La soberbia le cegaba un ojo y la devoción nublaba la vista de cuantos le seguían.
Había nacido para militar pero se le había truncado la carrera y, lejos de ascender en el ejército, le pareció más fácil infiltrarse en algún grupo ya compuesto y, de ahí, directamente en las vidas ajenas mostrando un interés benigno por las personas. Vio fácil dar así rienda suelta a sus chismorreos y ansias de poder, una combinación a todas luces explosiva.
Su primera táctica para menospreciar a los demás era el encuentro cara a cara con el pardillo. Cada vez que uno de estos pasaba junto a él y le daba los buenos días, aprovechaba para quitar la fama y levantar falso testimonio a cualquier inocente fuera de escena que hubiese confiado en él con anterioridad contándose sus cosas. Su segunda mejor arma era el teléfono. Almacenaba números y números de contactos y buscaba hasta encontrar receptores dispuestos a escuchar sus mentiras a esa hora precisa. Su tercera baza era aconsejar que corriera la voz de las infamias que él juraba por Dios bendito quedarse corto y certificaba, con palabrita del Niño Jesús, que eran ciertas. Se le hacía la boca agua cada vez que un subordinado le respondía: ¡ S´ordenes! y cumplía sus deseos.

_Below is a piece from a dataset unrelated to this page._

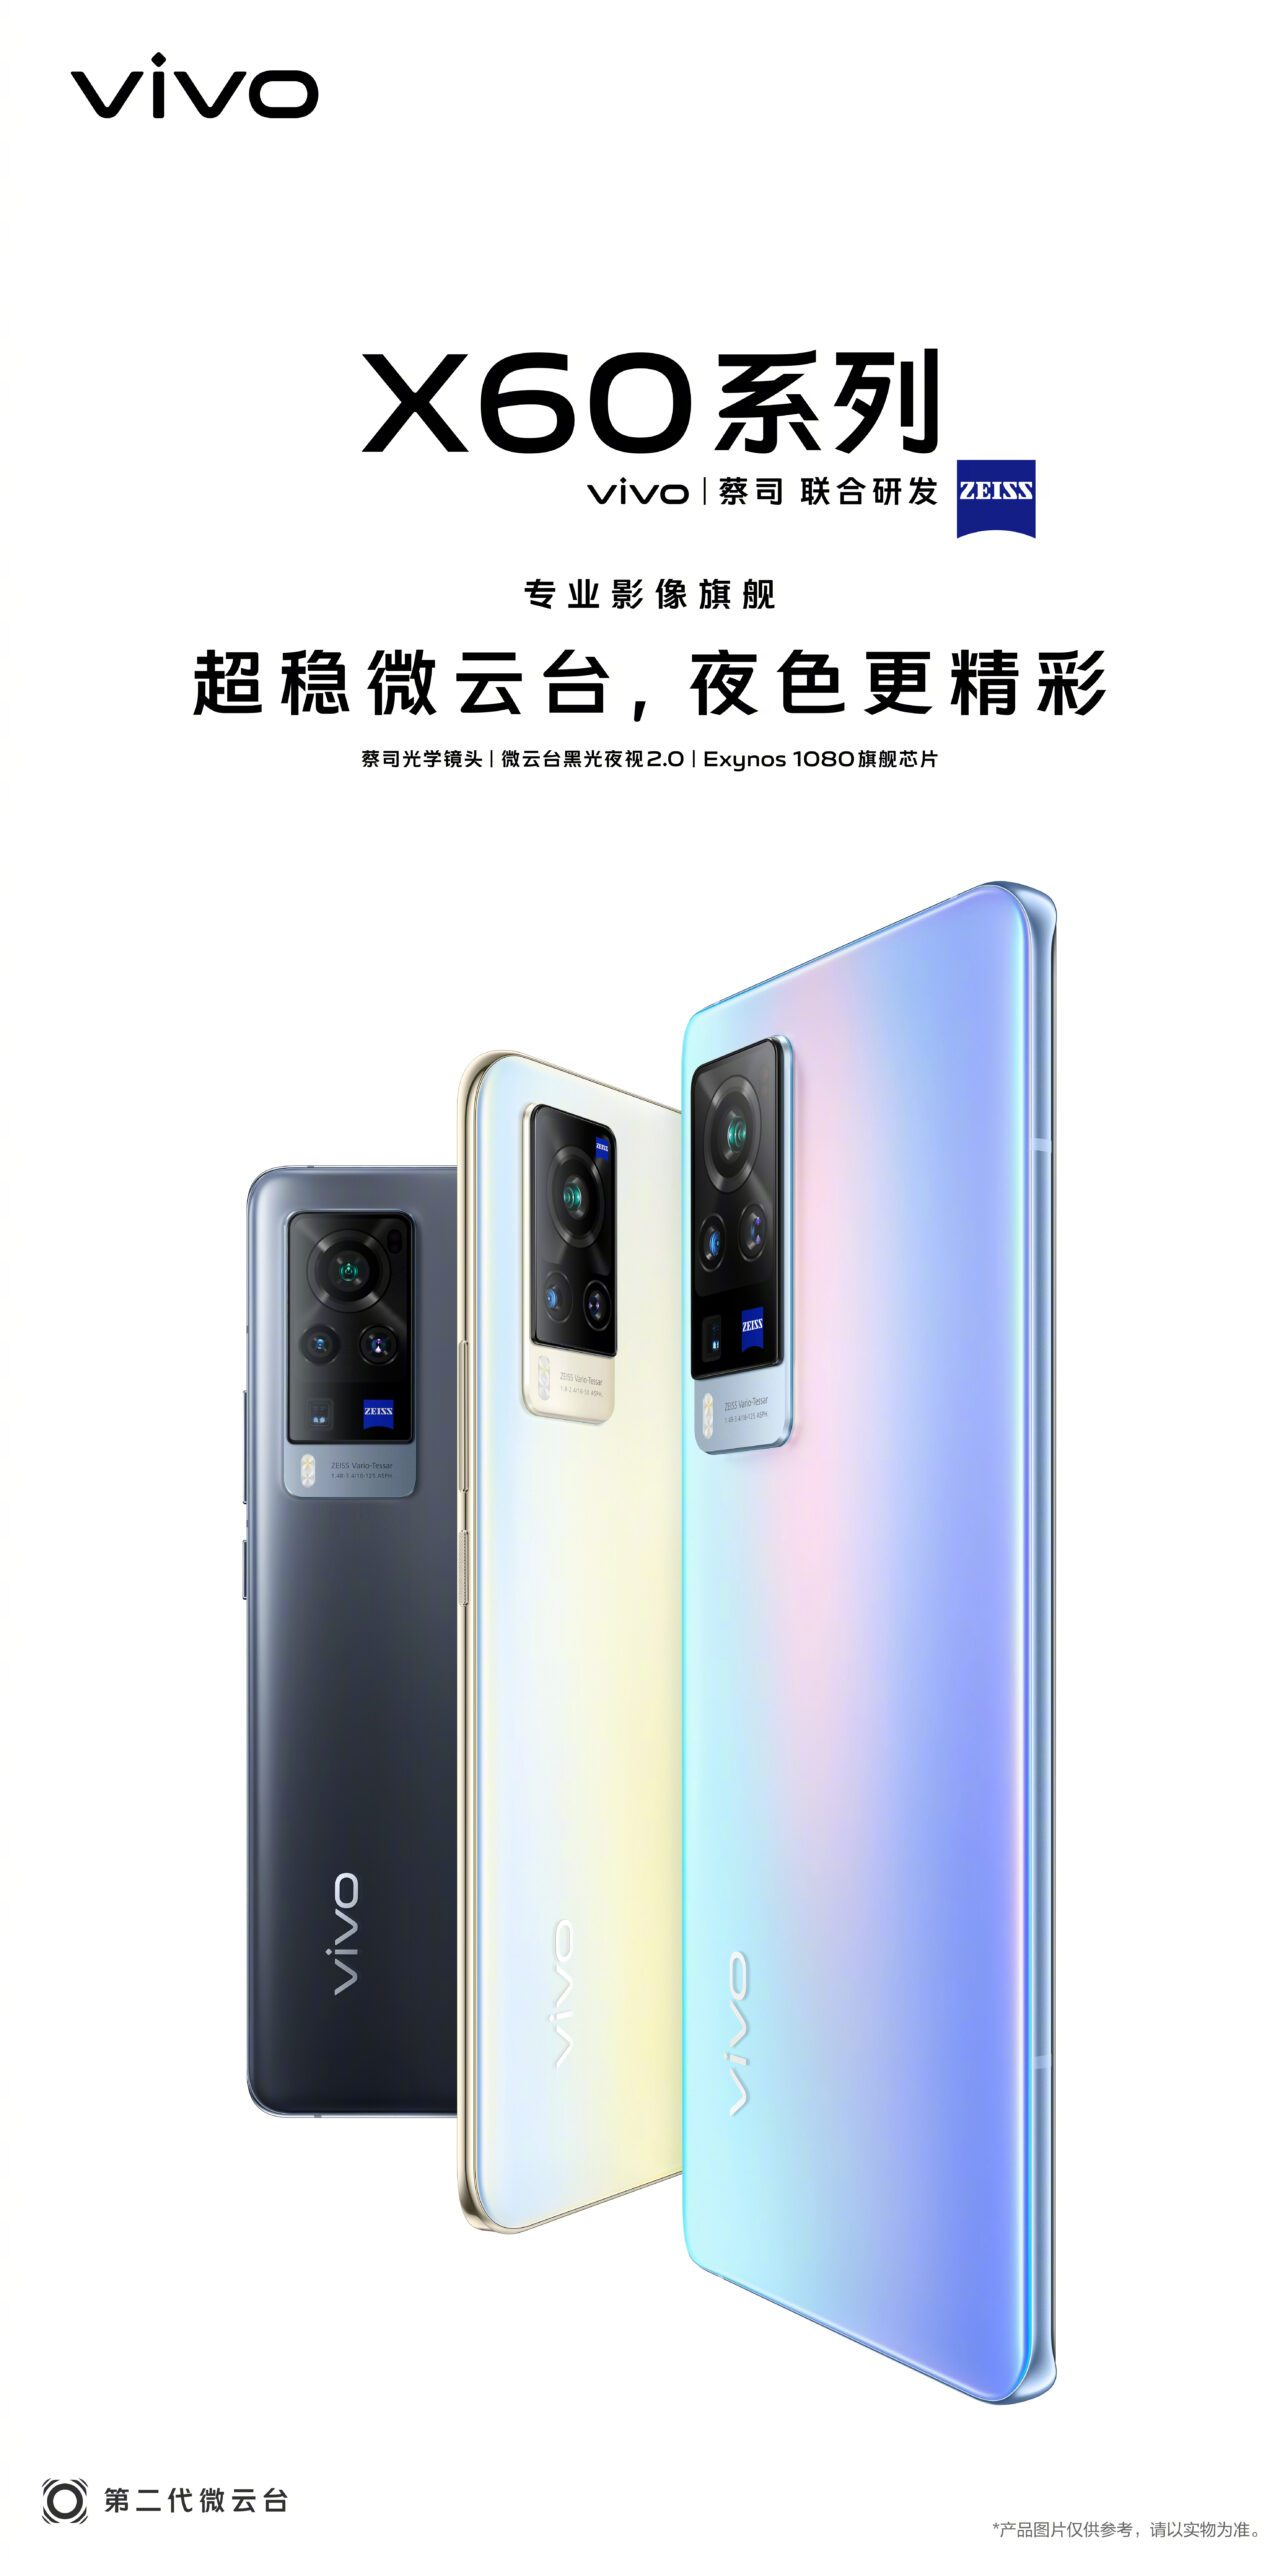 OPPO представила концептуальный смартфон, складывающийся втрое

Lo que no estaba a su alcance lo remitía a sus más fieles secuaces cuya velocidad de comunicación era similar a la de las liebres cuando salen de sus madrigueras para saltar a sus anchas yendo de un lado a otro por el campo.

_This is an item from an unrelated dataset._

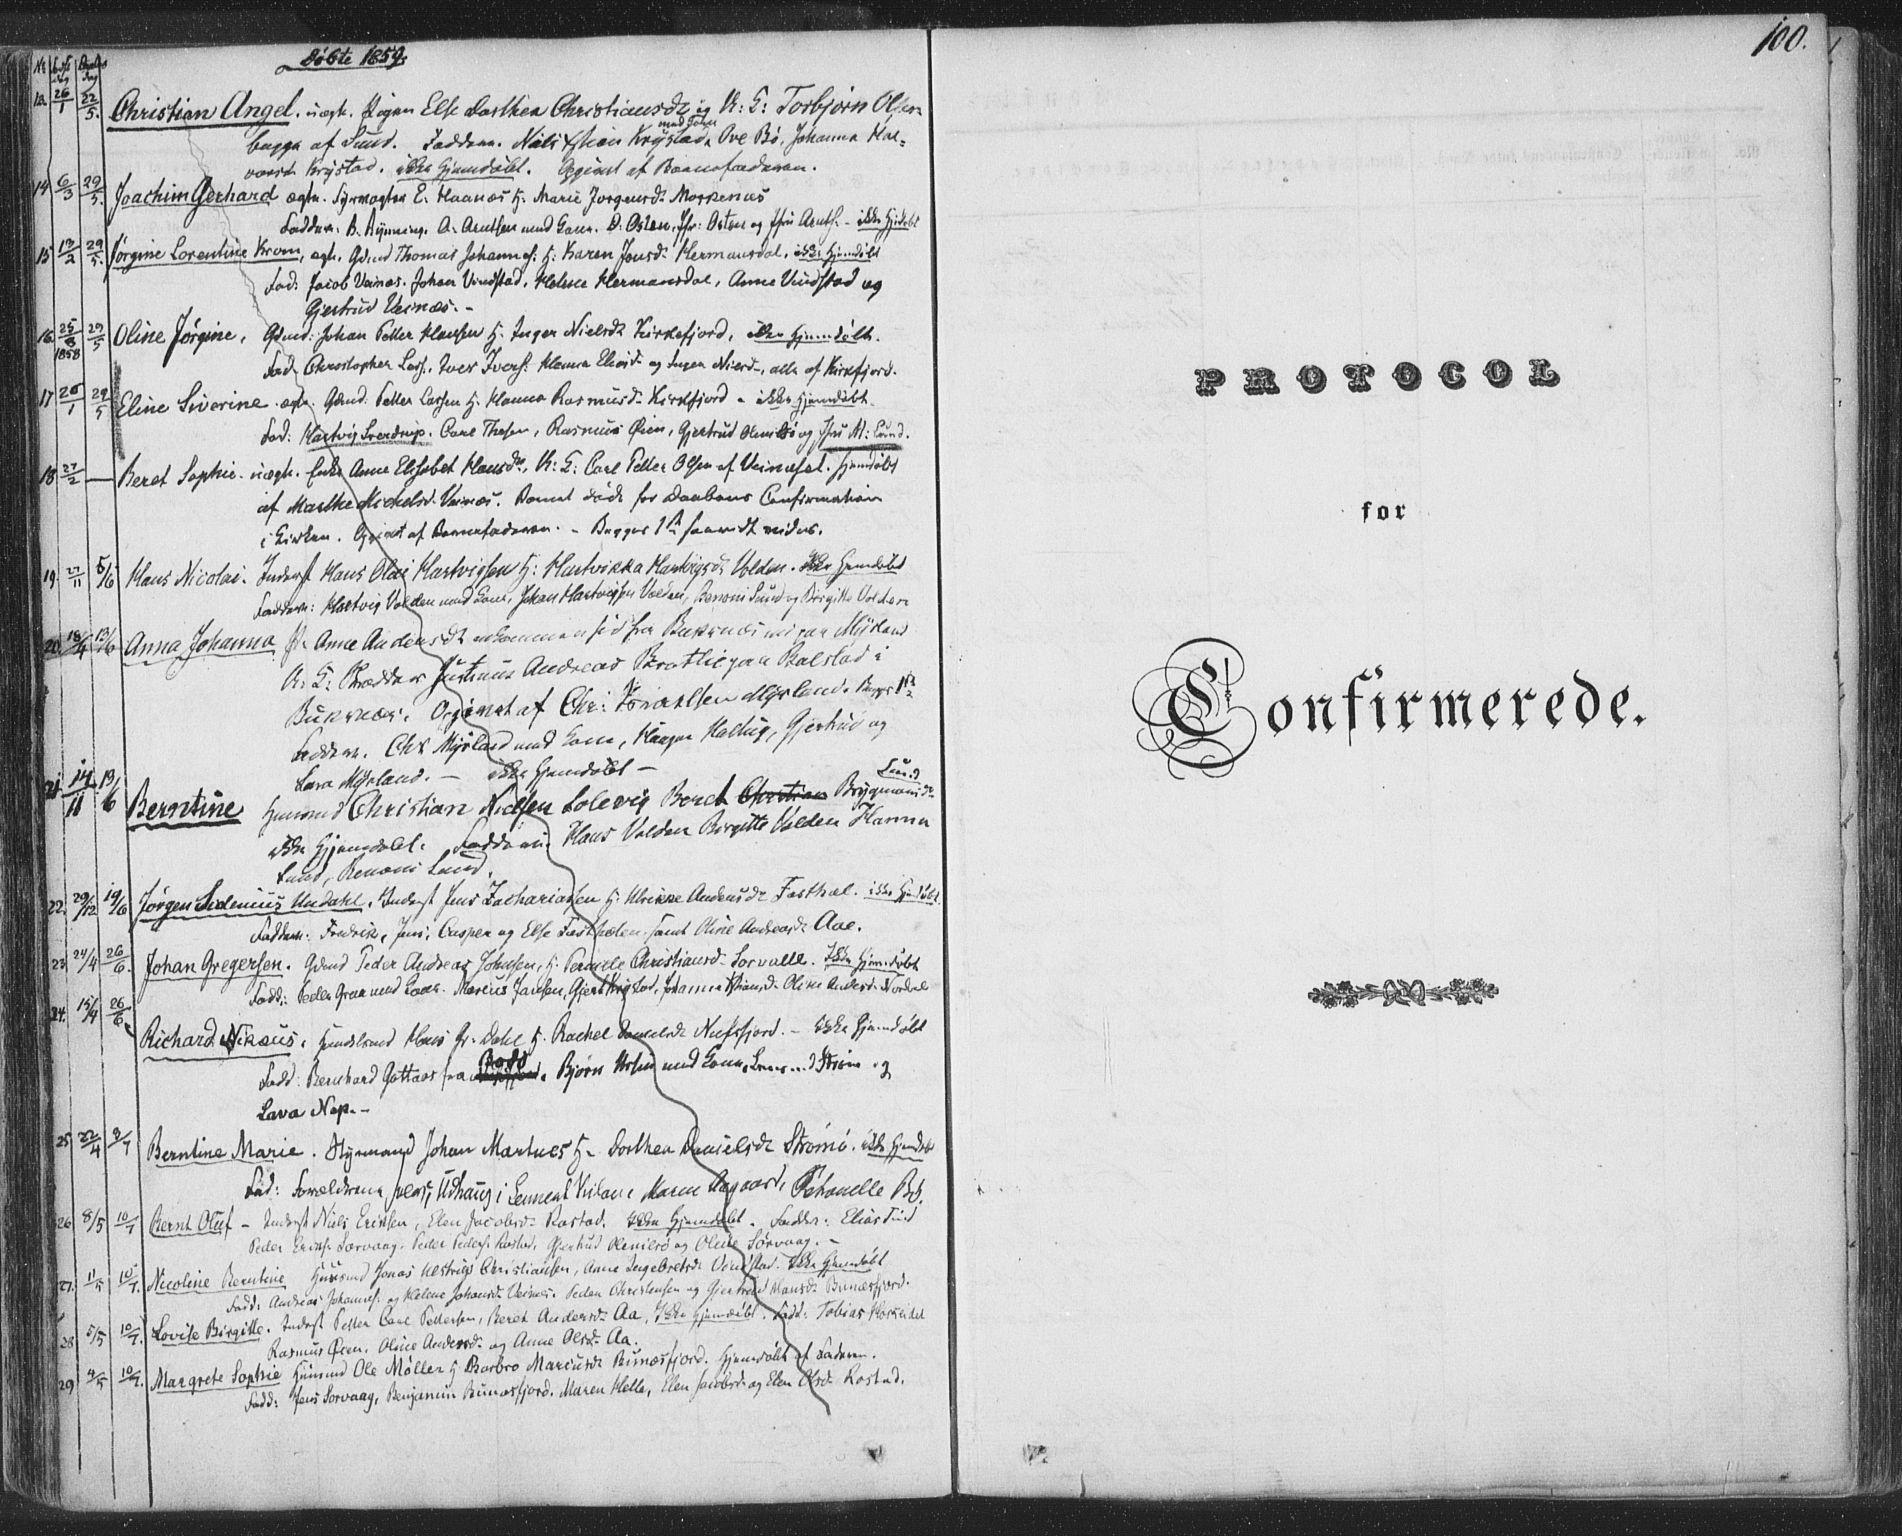 SAT, Ministerialprotokoller, klokkerbøker og fødselsregistre - Nordland, 885/L1202: Ministerialbok nr. 885A03, 1838-1859, s. 100

Todo aquel que no estaba de acuerdo con sus deseos era tachado de estar poseído por un demonio. O por dos.
Con tal de mandar quería hasta trajinar a Dios. Cada vez que uno no entraba por el aro de sus deseos, ya que no podía ordenar que le cortaran la cabeza ni le pegasen un tiro, ¡lástima!, le castigaba por sus desobediencias con algo que él llamaba, a saber, “disciplina constructiva”.
Siendo tan duro en los planes que llevaba a cabo, fue curioso que no faltó en su boca la sonrisa facilona, nunca alteró el tono musical de su voz, ni el baile lento de sus manos, ni la estudiada bajada de párpados tan ensayada en los momentos oportunos para esquivar miradas claras.
La soberbia le cegaba un ojo y la devoción nublaba la vista de cuantos le seguían.
Por aquel tiempo yo temía que ese mandón muriera de pronto por causa de algún subidón de estima repentina, porque me imaginaba a todos aquellos súbditos que le seguían el juego, entregarse como voluntarios para acompañarle a la tumba, como los esclavos de faraón hacían, y que jamás se recuperasen de aquella manipulación que era tan demencial como absurda. Pero no, me equivoqué en mis sospechas a Dios gracias. Algunos fueron espabilando y, poco a poco, igual que yo hice en su momento, comenzaron a retirarse de su presencia.